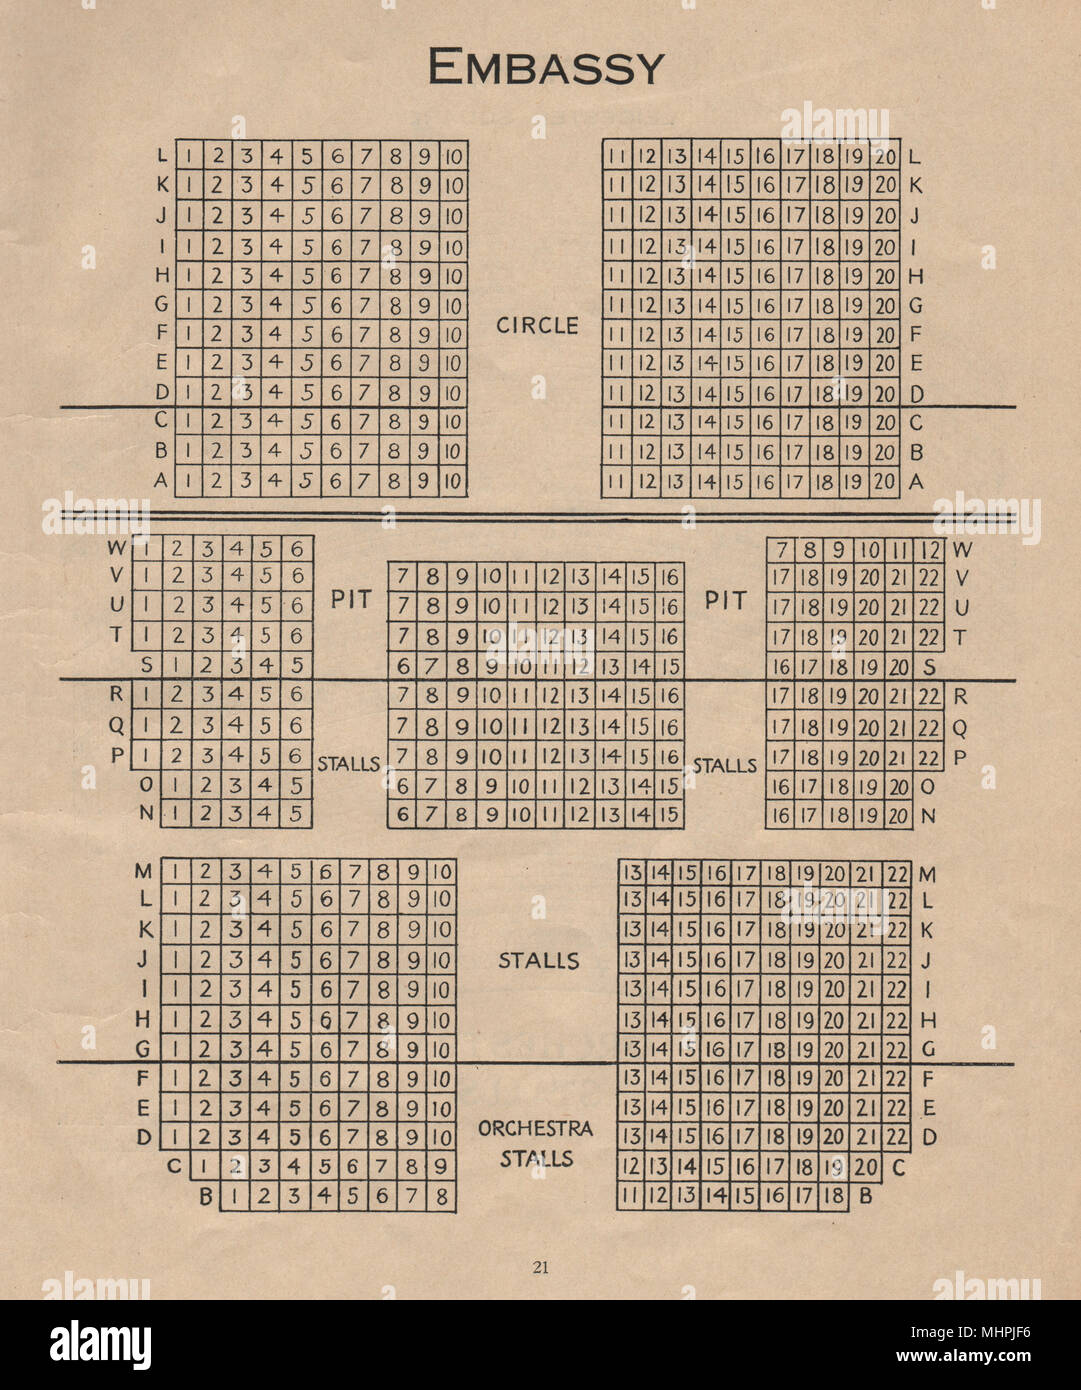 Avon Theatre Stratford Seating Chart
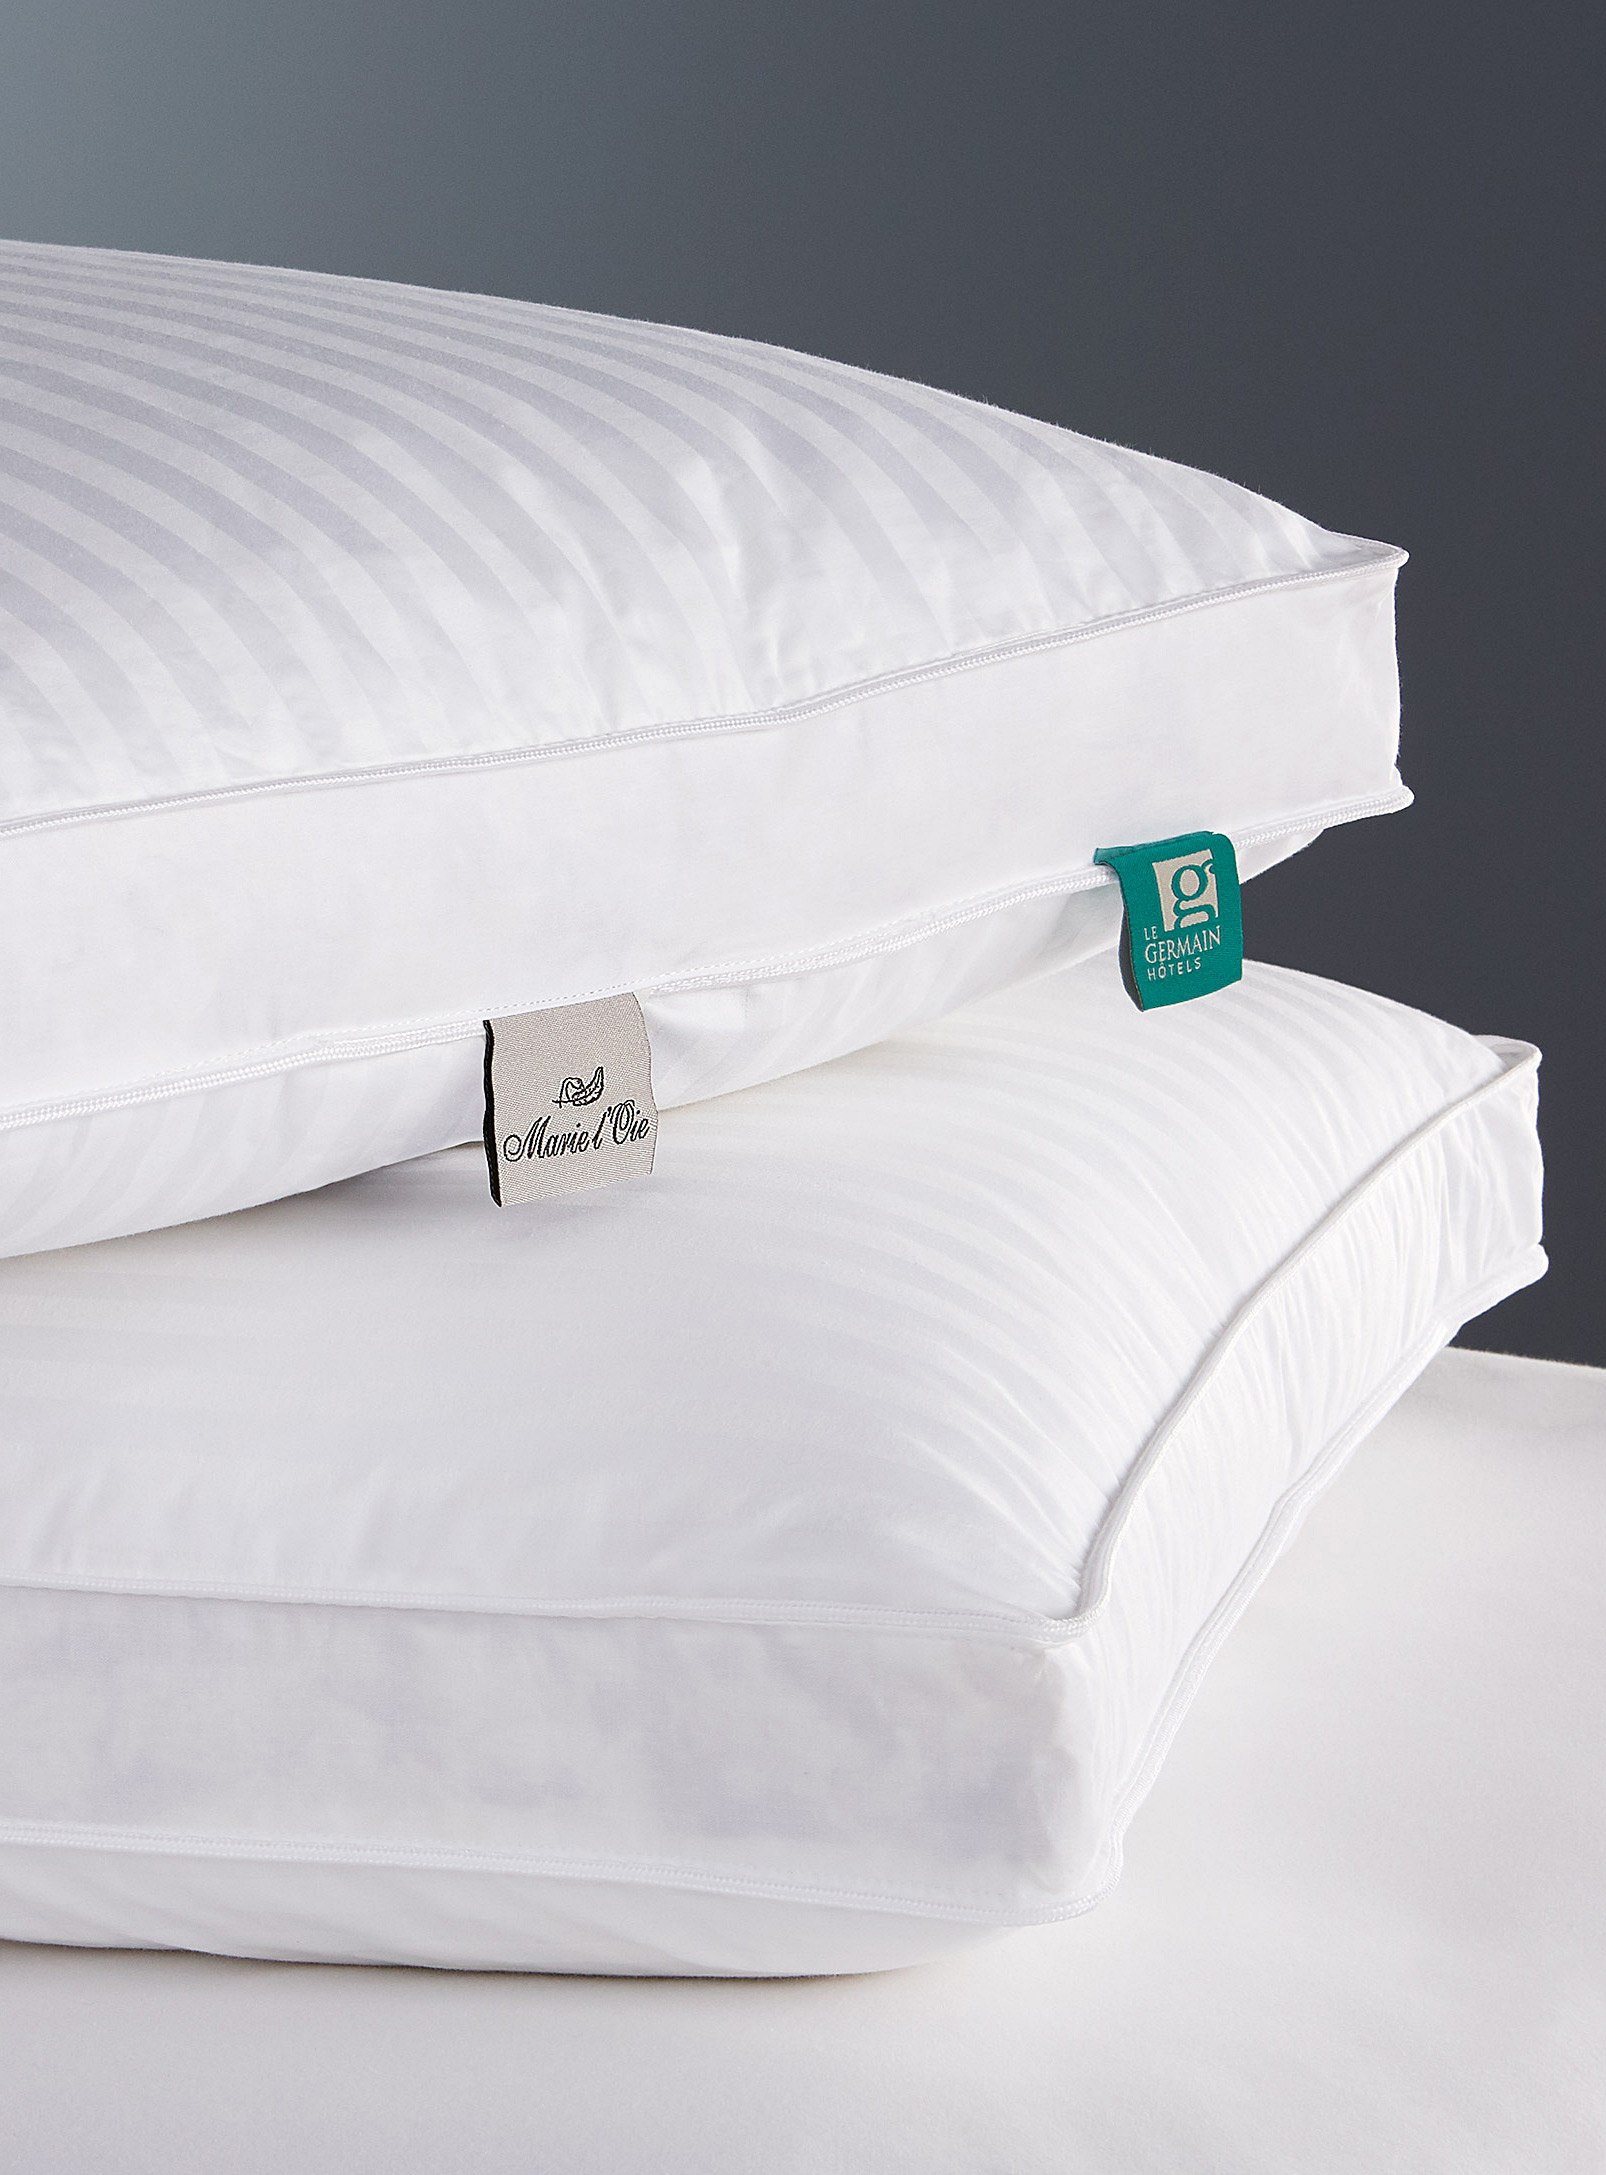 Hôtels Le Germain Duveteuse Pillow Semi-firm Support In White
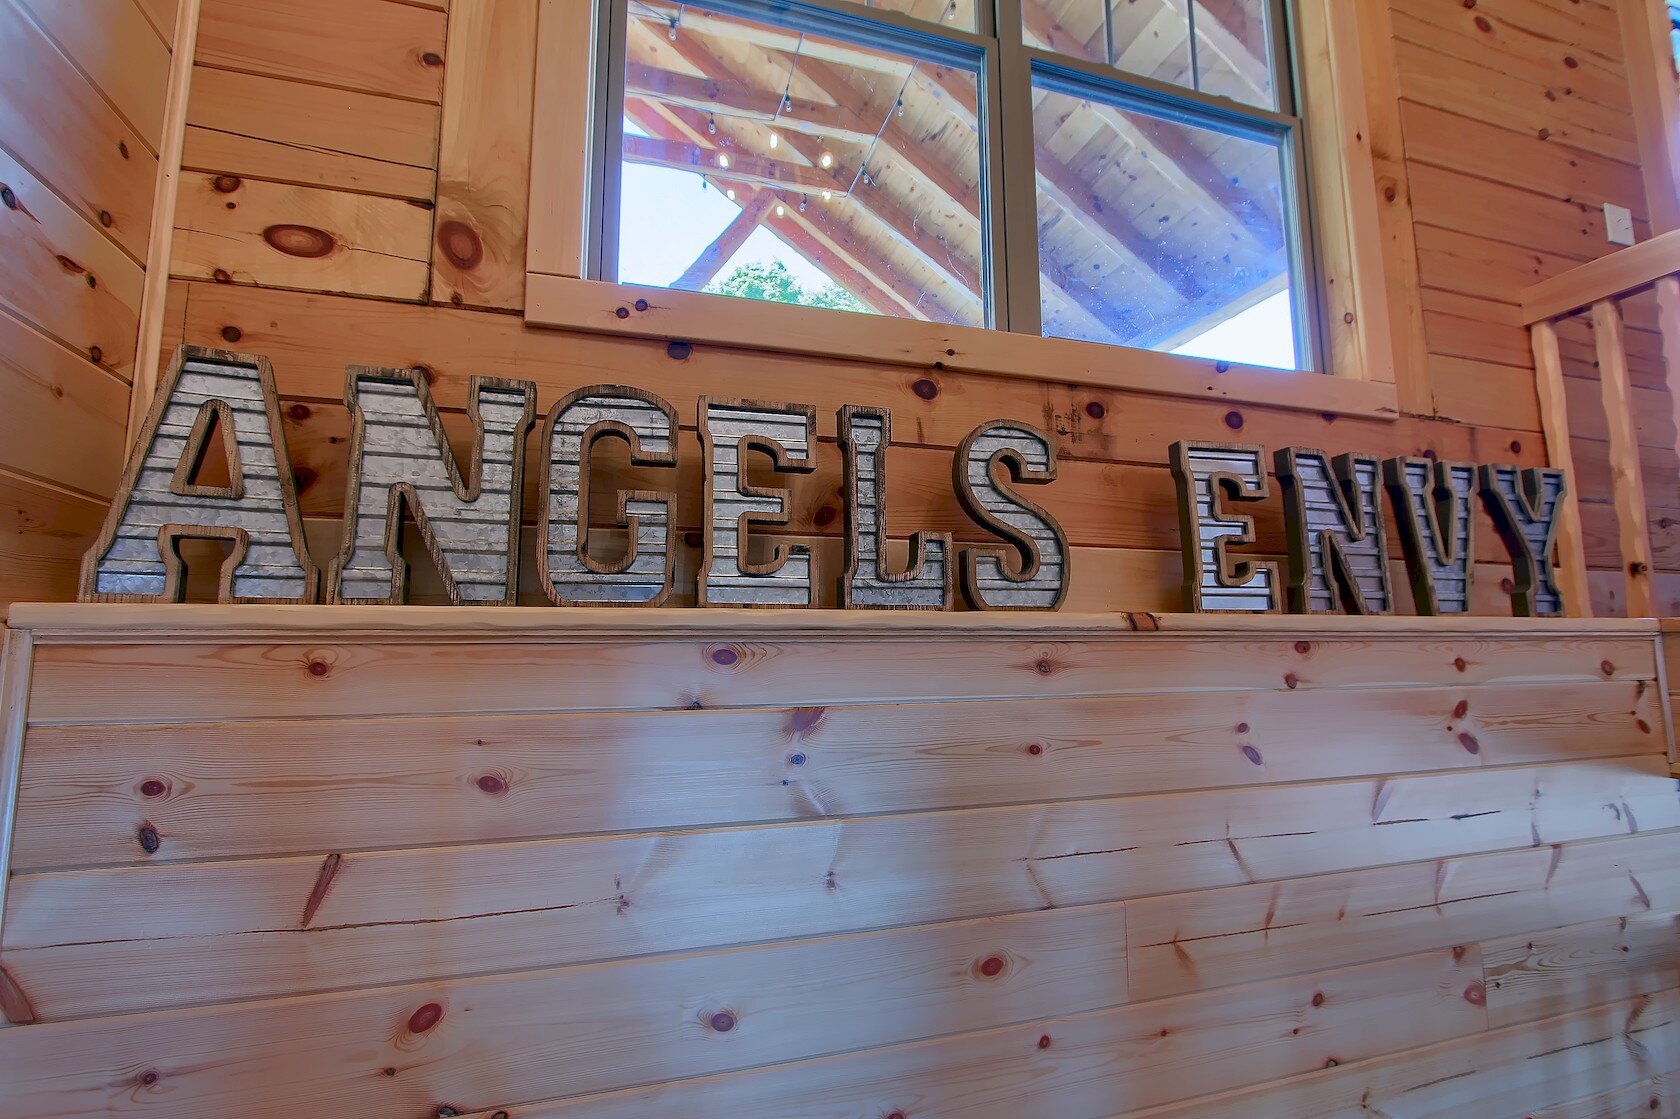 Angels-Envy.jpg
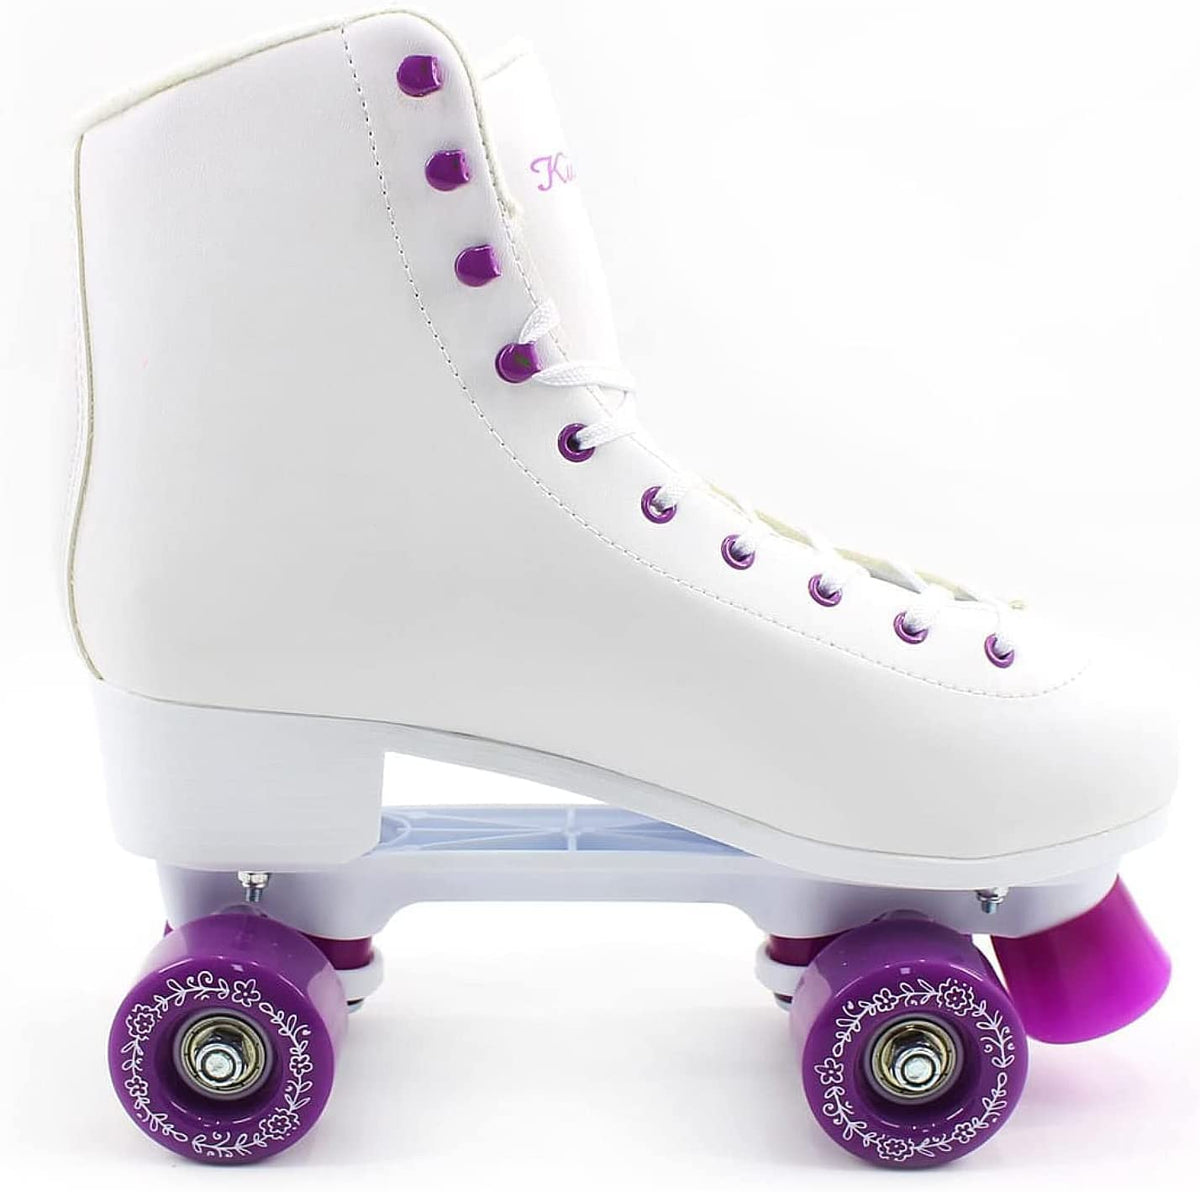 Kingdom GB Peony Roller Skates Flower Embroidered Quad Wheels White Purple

--------------------------------

_What is required_: Starting at the line that contains "Angels-Envy.jpg" and ending with the last line of the data, transcribe every line exactly; skip the pictures.

_Response area_:
 Angels-Envy.jpg
 Kingdom GB Peony Roller Skates Flower Embroidered Quad Wheels White Purple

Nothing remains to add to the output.